3 Reaktionen zu “Wir Möchtegern-Römer: Die FAS vom 27. 1. 2008”

  1. Cobalt

    paco, in großen und ganzen gebe ich dir leider nicht recht – ich fand diese FAS insgesamt eher fad
    ausgenommen die artikel über die o. g. ausstellung (ich als rome fan *hehe*) und den aufmacher von J.A. – und beim lesen hatte ich exakt die selben gedanken wie du – großartiges ende – den clip hab ich mir auch gleich mal bei youtube angeschaut – wenn man den sieht, kann man sich des eindrucks nicht erwehren, daß es sich dabei um ein stück tv-historie handelt (auch wenn es vielleicht noch die wenigsten kennen)
    ich hoffe jedenfalls auf eine bessere FAS am nächsten sonntag

  2. Dique

    Ich bin hier mit Paco und fand diese FAS auch ganz prima. Neben den erwähnten Artikeln, Romausstellung, Céline, Cruise, etc., gab es auch in den anderen Büchern prima Artikel oder auch schöne Bilder, so wie die kleine Fotostrecke aus dem italienischen Parlament auf Seite 11, köstlich, so köstlich wie japanisches Essen.

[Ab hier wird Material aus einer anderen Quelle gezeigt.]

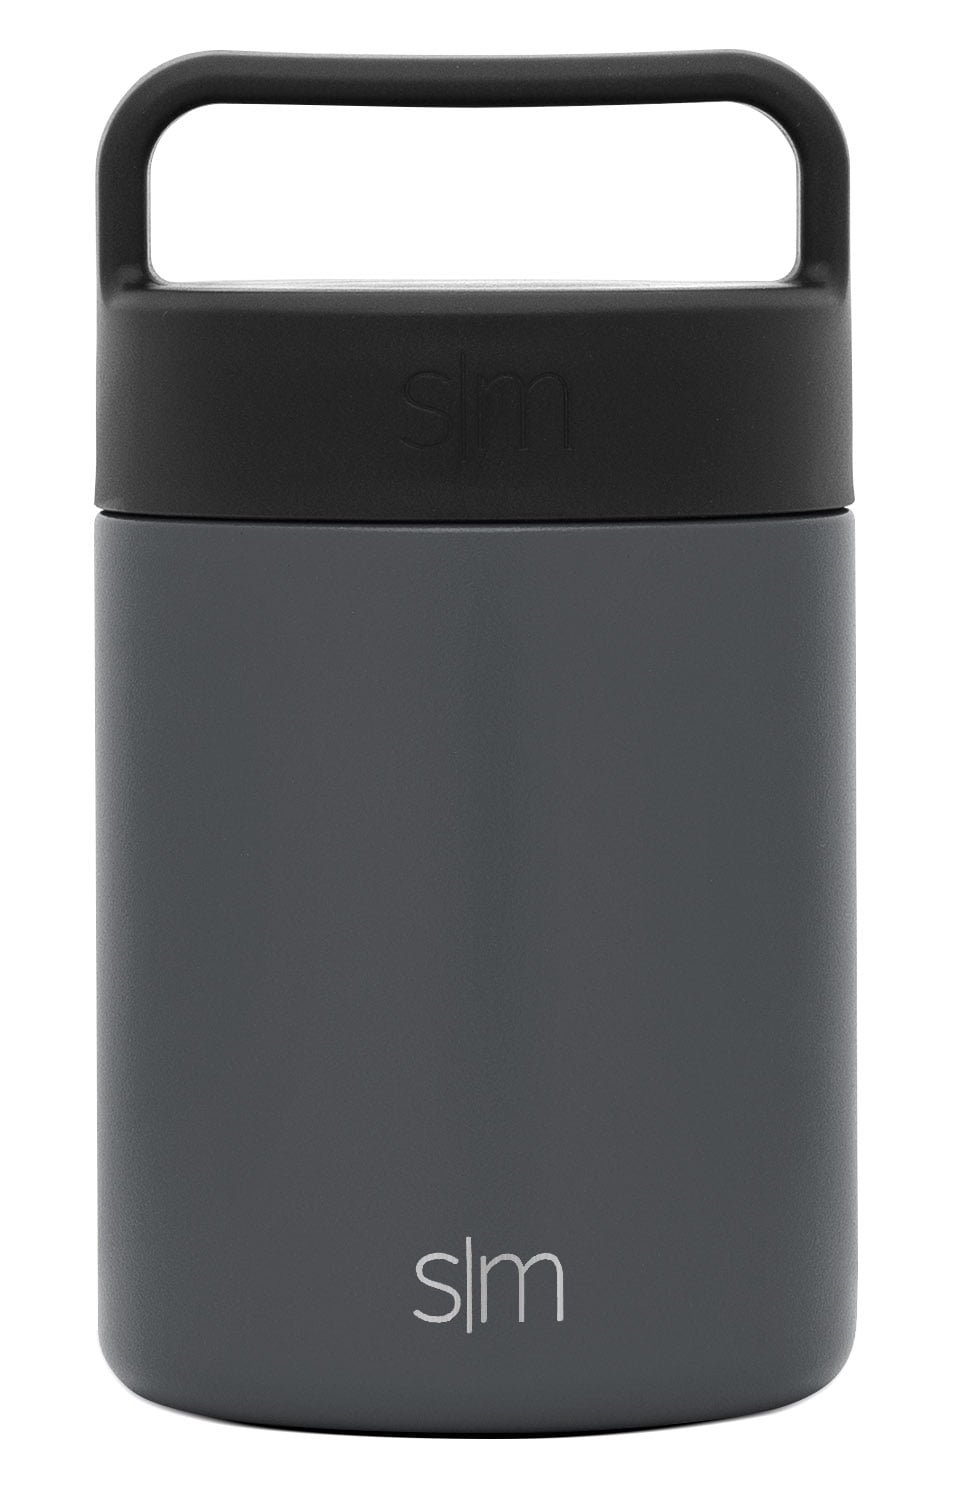 $4/mo - Finance Simple Modern Food Jar Thermos for Hot Food

    In dem Artikel (S. 3) darüber stehen dann solche Sätze wie „… die nach dem gleichen Rezept Nahrungsmittel in Papier verpackt ausgeben, das die Kunden mit den Fingern zu sich nehmen, die sie dann ablecken wie die Katzen.“ Sehr lustig, lecken sich die Finger wie die Katzen, hier allerdings nicht nach wunderbaren japanischen Spezialitäten, sondern nach dem Essen von „Makku“ wie McDonalds Restaurants dort genannt werden.
    Auch die Japaner werden also immer fetter, und dabei erinnere ich mich gern an den Chicken Teriyaki Burger den ich dereinst bei „Makku“ verspeiste. Bei Starbucks gibt es in Japan übrigens neben Caffè Latte auch Matcha Latte, Matcha ist der grüner Pulvertee, … zumindest den Teriyaki Burger kann ich empfehlen.

  3. Willi Quenzel

    dieser Lektürestil gefällt mir. Da einen Brocken gut und bekömmlich finden, dort eher eine etwas gelangweilte Reaktion zeigen, hehe– auch nicht gerade das Gelbe-es ist o.k. Das arme Schwein hatte keinen guten Tag. – Aber nie ernsthaft böse werden, wozu? Es ist ja alles nur Zeitung, Wegwerfpapier. Doch schön, wenn ab und zu etwas Nettes oder Originelles drin steht.
    Die Hoffnungen niedriger hängen, sagt sich der Umblätterer. Wenn in jedem Blättchen wenigstens ab und zu ein witziger Gedanke, eine Formulierung, die man sich merken will, steht.. dann lass es mal gut sein. Was will man mehr?